The youthful penchant for poker is winning praise from parents such as Carrie Glicksteen, Mark’s mother, who says cards have supplanted another pastime with its own downside – shoot-‘em-up video games – as Mark and friends’ favorite activity. “They actually sit down with real people and socialize with each other,” says Glicksteen. “The whole idea of playing games across the table is a really nice thing – an opportunity to interact again.”

Yet some parents are bothered by poker’s popularity, even as they accede to their children’s wishes. One Southern California mother who let her son have a poker party for his 16th birthday would not allow him to discuss it with a reporter. “We’re not into gambling, and I wouldn’t want to give the impression that our family is,” she says. Gambling “has become almost an illness with some of our older son’s friends.
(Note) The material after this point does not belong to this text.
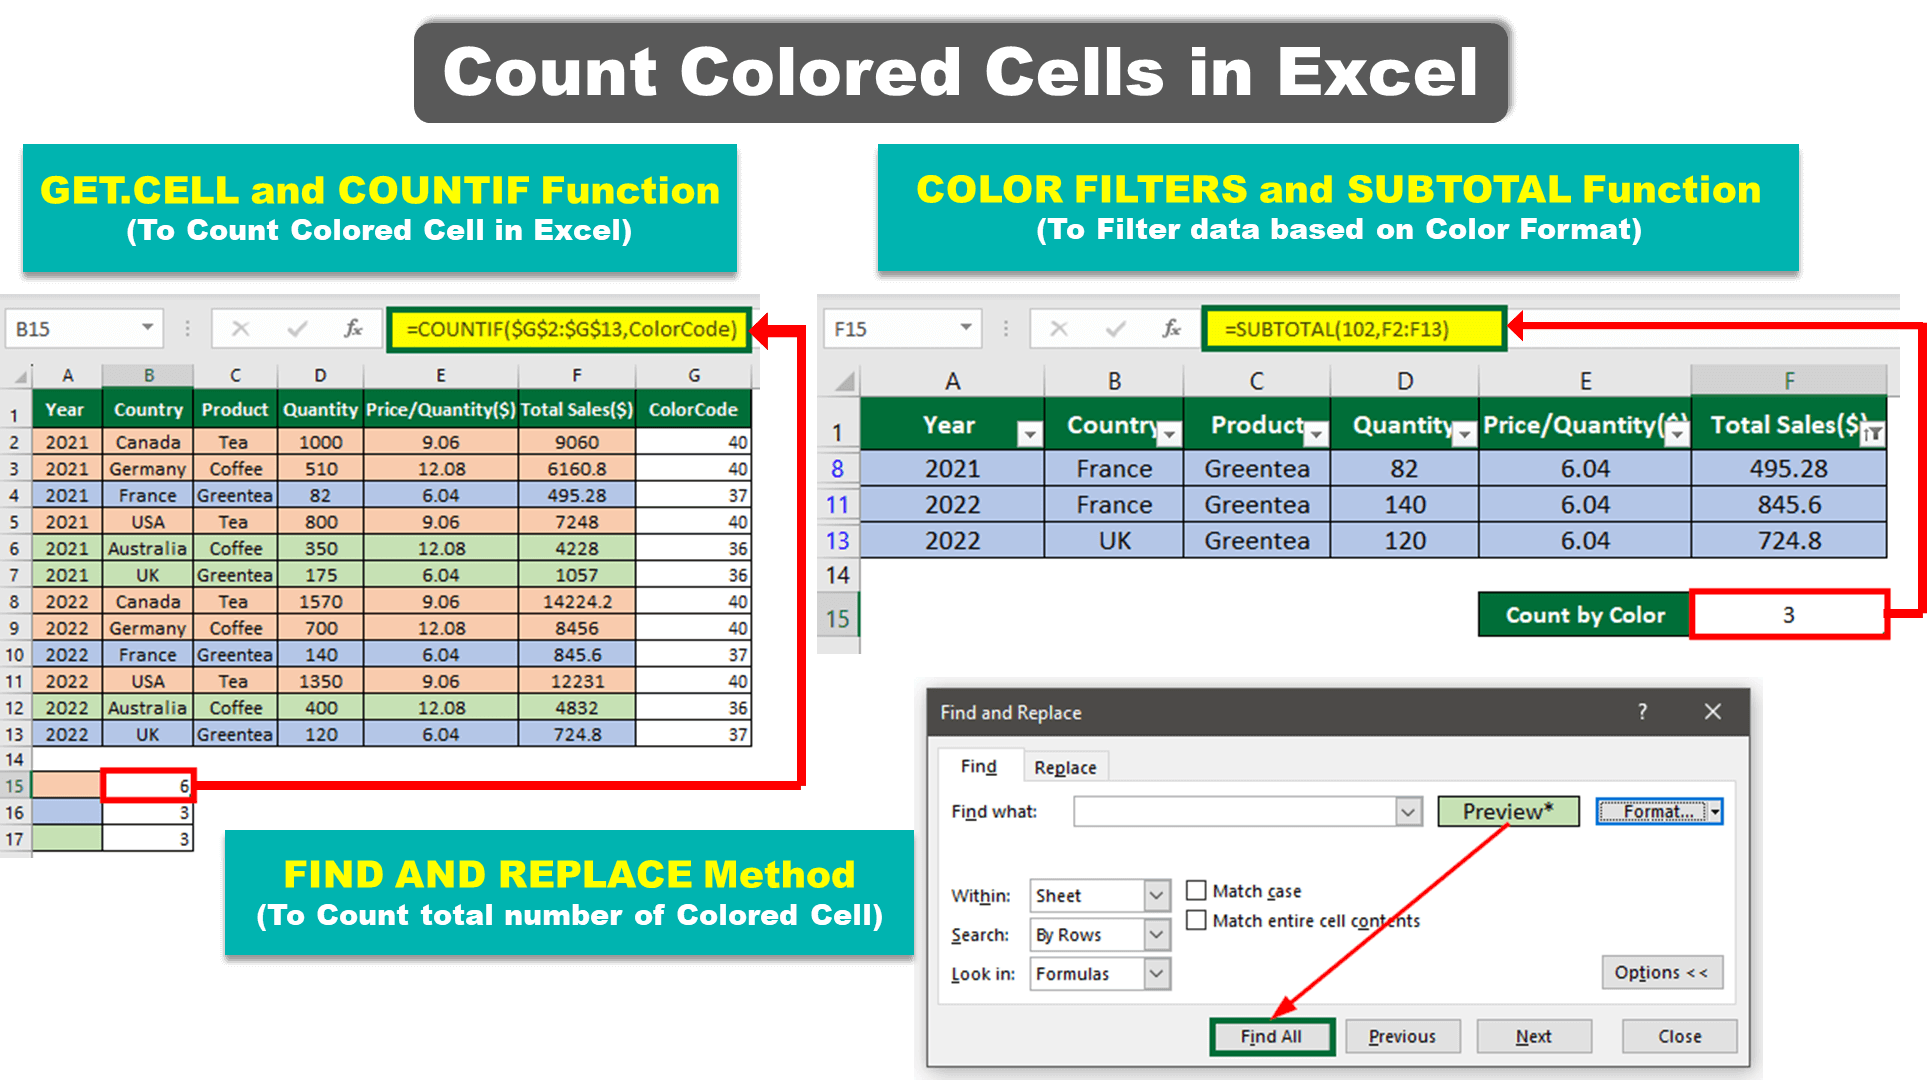 Count Colored Cells in Excel

It’s something you have to watch.”

The gambling helpline at the nonprofit National Council on Problem Gaming has received an influx of calls this year from people in their late teens and 20s, says Keith Whyte, executive director of the organization. “Kids have got to be aware that it’s a health hazard. … The earlier you expose your kids to gambling, the more likely they are to develop a gambling problem.” Just as parents might allow children a sip of wine at the dinner table but wouldn’t let them guzzle, children should be taught to play poker in moderation, he says.

Mark learned to play Texas hold ‘em – the card game that has stormed casinos and at-home tables since the advent of TV poker – by watching the World Series of Poker on ESPN. The Travel Channel’s World Poker Tour started the trend in March 2003, and since then Bravo, the Fox Sports Network and other channels have aired their own versions.
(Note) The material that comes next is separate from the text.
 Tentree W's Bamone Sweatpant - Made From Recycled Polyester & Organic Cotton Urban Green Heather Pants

Internet poker kindled the TV poker phenomenon, says David G. Schwartz, coordinator of the Gaming Studies Research Center at the University of Nevada, Las Vegas. The Web’s poker landscape is ever expanding; between January 2001 and August 2004, the number of Internet tournament players increased by 2,500 percent to 21,930 per hour, according to Pokerpulse.com.

“America has always been a nation of gamblers … of risk takers,” and kids are no exception, Whyte says. Research indicates that gambling is often the earliest of the addictive behaviors. In studies of kids younger than 17, “gambling precedes almost all other risky behaviors: smoking, substance abuse, fighting and promiscuous sex. It may be the gateway behavior that we believed marijuana was,” he adds.

In a study last year by the Adolescent Risk Communications Institute, more than half of young people age 14 to 22 reported gambling in an average month. The study found that those younger than 18 favored card games, sports betting and bingo.

This is the first year that the University of California, Los Angeles, has offered poker at orientation, and it was a major hit, says Matthew Ontell, a senior political science major who helped organize the event. Nearly everyone, young men and women, knew how to play. Throughout orientation, “they were all playing among themselves.” Poker is much bigger this year than last year, he says.

The freshmen “will have a lot of dorm games,” says Ontell, and fuel the poker playing that’s taken off at UCLA in recent years. “Before, everybody sat around and played Counterstrike,” says Ontell of the video game. “Now people play poker.”

Away from campus, poker is “one more way to get everybody together,” says Susan Huber, 46, of Orange, Calif., whose 26-year-old son and daughter-in-law started the Orange County Poker Tour in December as a family get-together. The monthly tournament has expanded to include some 40 family members and friends.

There are men and women, college kids and retirees, many wearing good luck charms – Members Only jackets or sunglasses or bowlers – crowding around card tables in the backyard and living room, often until 2 a.m. Each winner gets to keep a modified softball trophy (with playing cards glued to its top) until somebody steals the title.

With flashy wads of cash floating around – buy-in is $30 – this family game night is a long way from Yahtzee.